Related to this is the question of our national character. I submit that it takes two to make liars and cowards and bullies. The system makes people tell lies because it punishes the truth. This happens in any country where freedom is curtailed or the intelligence agencies and police become interfering and dictatorial. It happened in the Soviet Union during the Stalinist era and in the Shah’s Iran and in Latin American countries under military rule. The worst case of this kind now is North Korea. In all these countries people are afraid to tell the truth; there is no free press and so people become liars, sycophants and cowards. In such cases good journalism and academic research dies and the country becomes backward and weak. In short, a bad system can distort character and undo the strengths of a nation. Liberal democratic practices can curtail the power of the intelligence agencies and the police and save Pakistan from such a calamity.
As for creating bullies, the system creates them when it does not punish them in such a manner that the people can see and be deterred.

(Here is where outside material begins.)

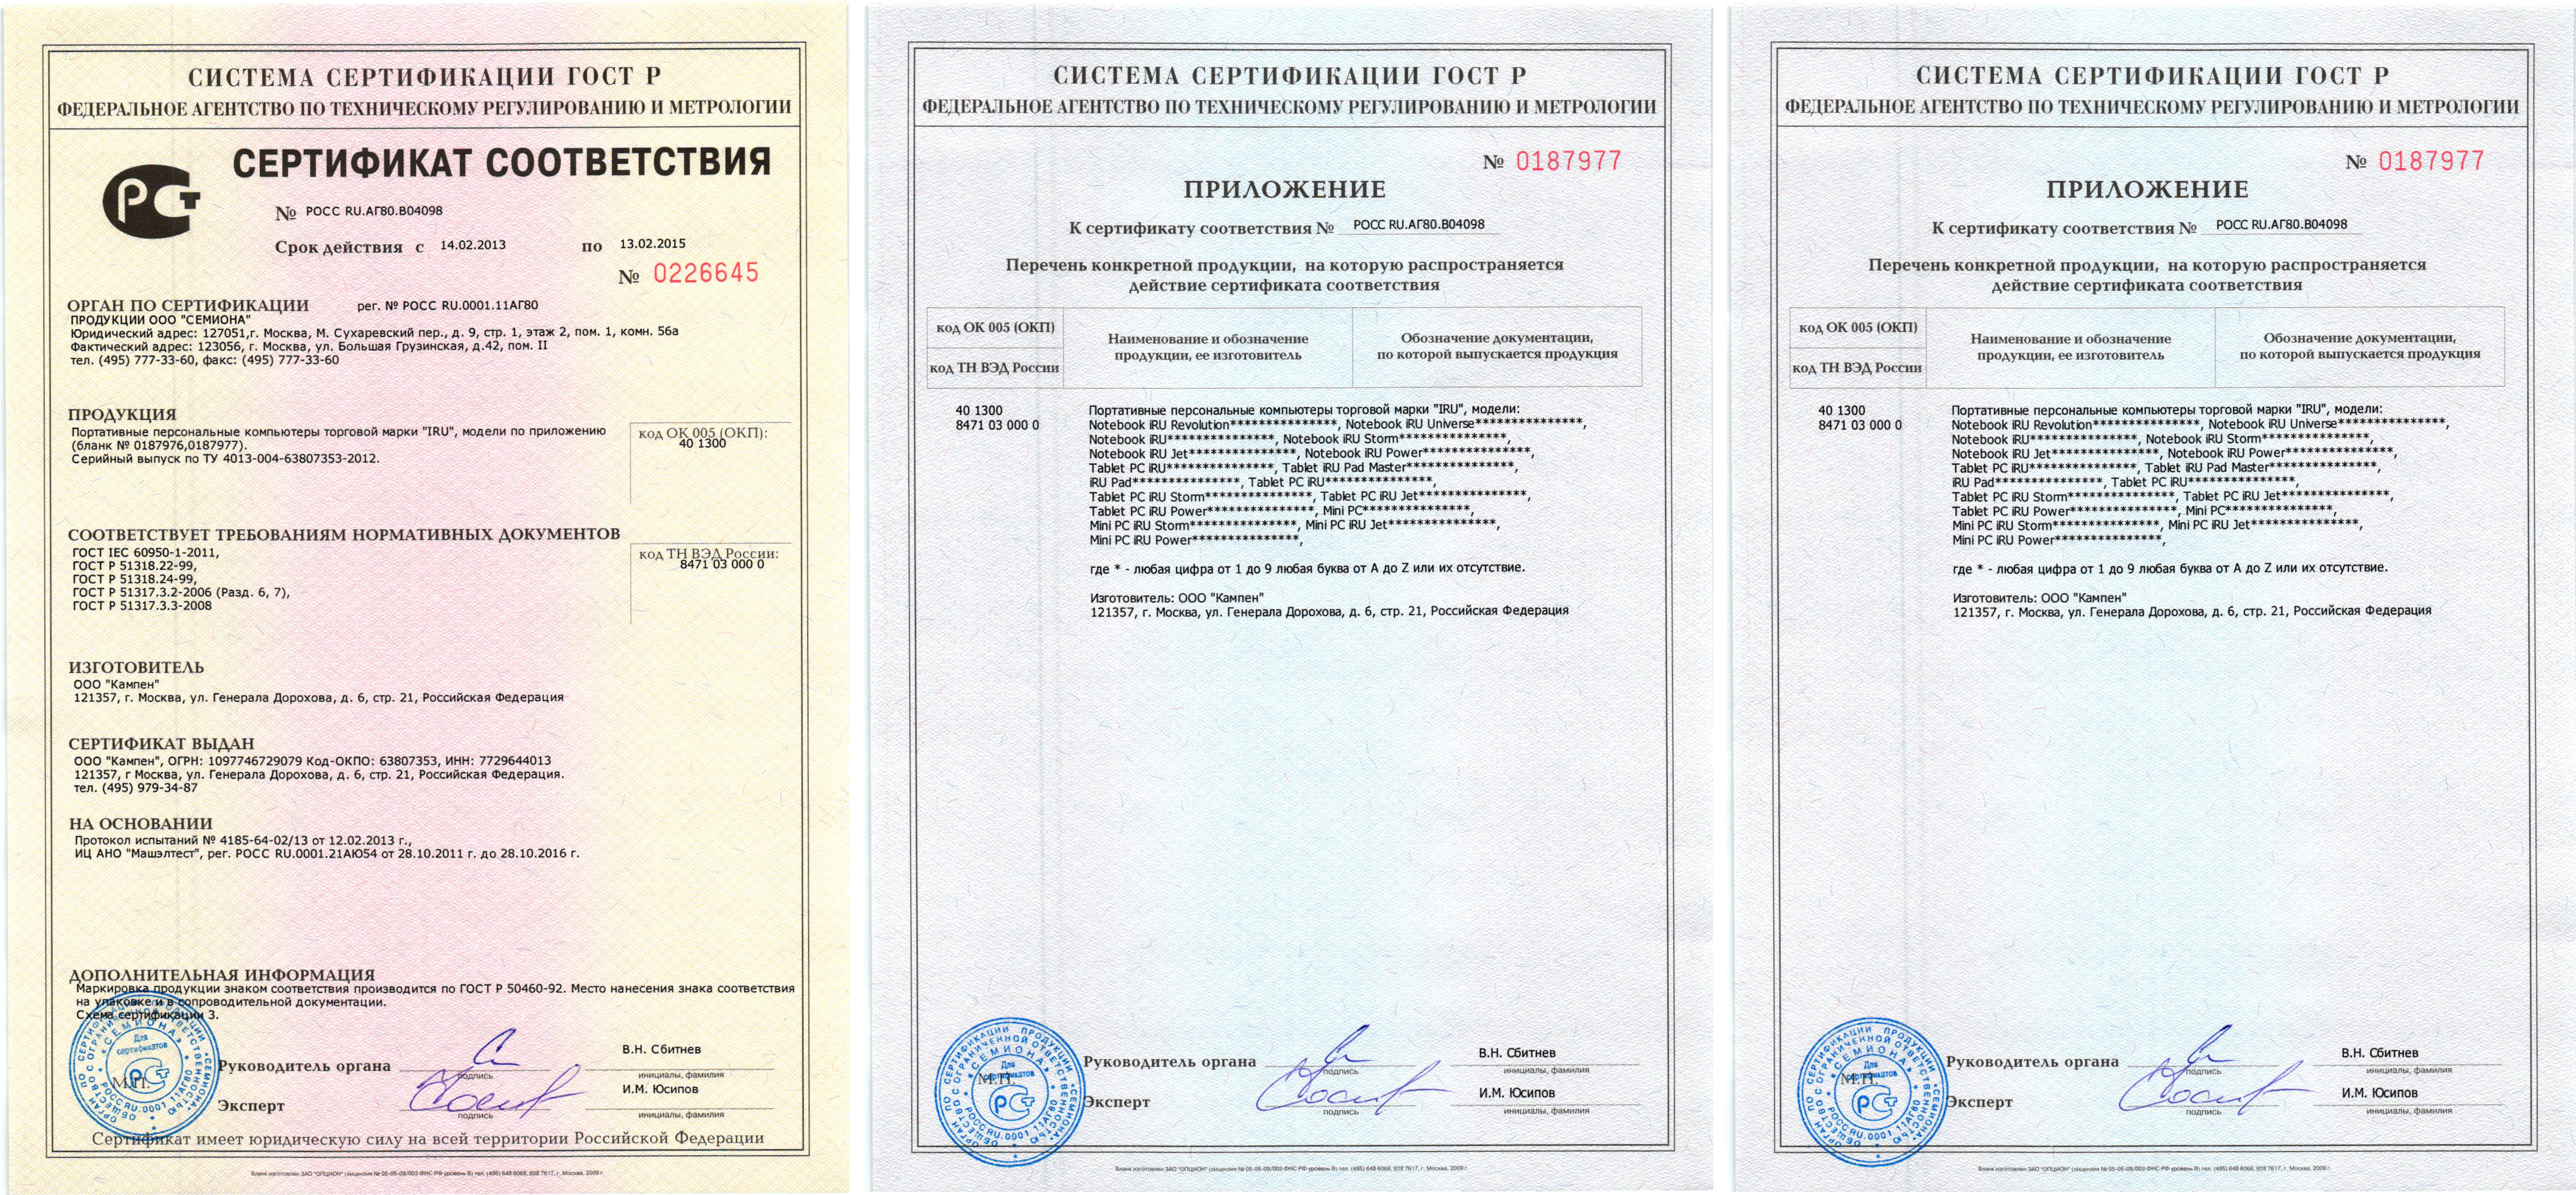 32 5 61 15. Сертификат соответствия. Сертификат соответствия на персональный компьютер. Сертификат соответствия на ПК. Сертификат на радиостанцию.

That is what is wrong with dictatorships: they make it impossible to punish the dictator and those he favours because institutions are weak and personalities strong. That is why no kings, including the Mughals whom we celebrate as being great, can ever be praised as an institution. They may be individually good but they promote the concept of one-person rule which is as good as the person himself. What the state wants is the rule of institutions, the law and to ensure that this does happen we need a very truthful and courageous press and an independent judiciary. When these two institutions improve, national character will also improve and we will start acting according to human interest which, incidentally, will also be in the national interest.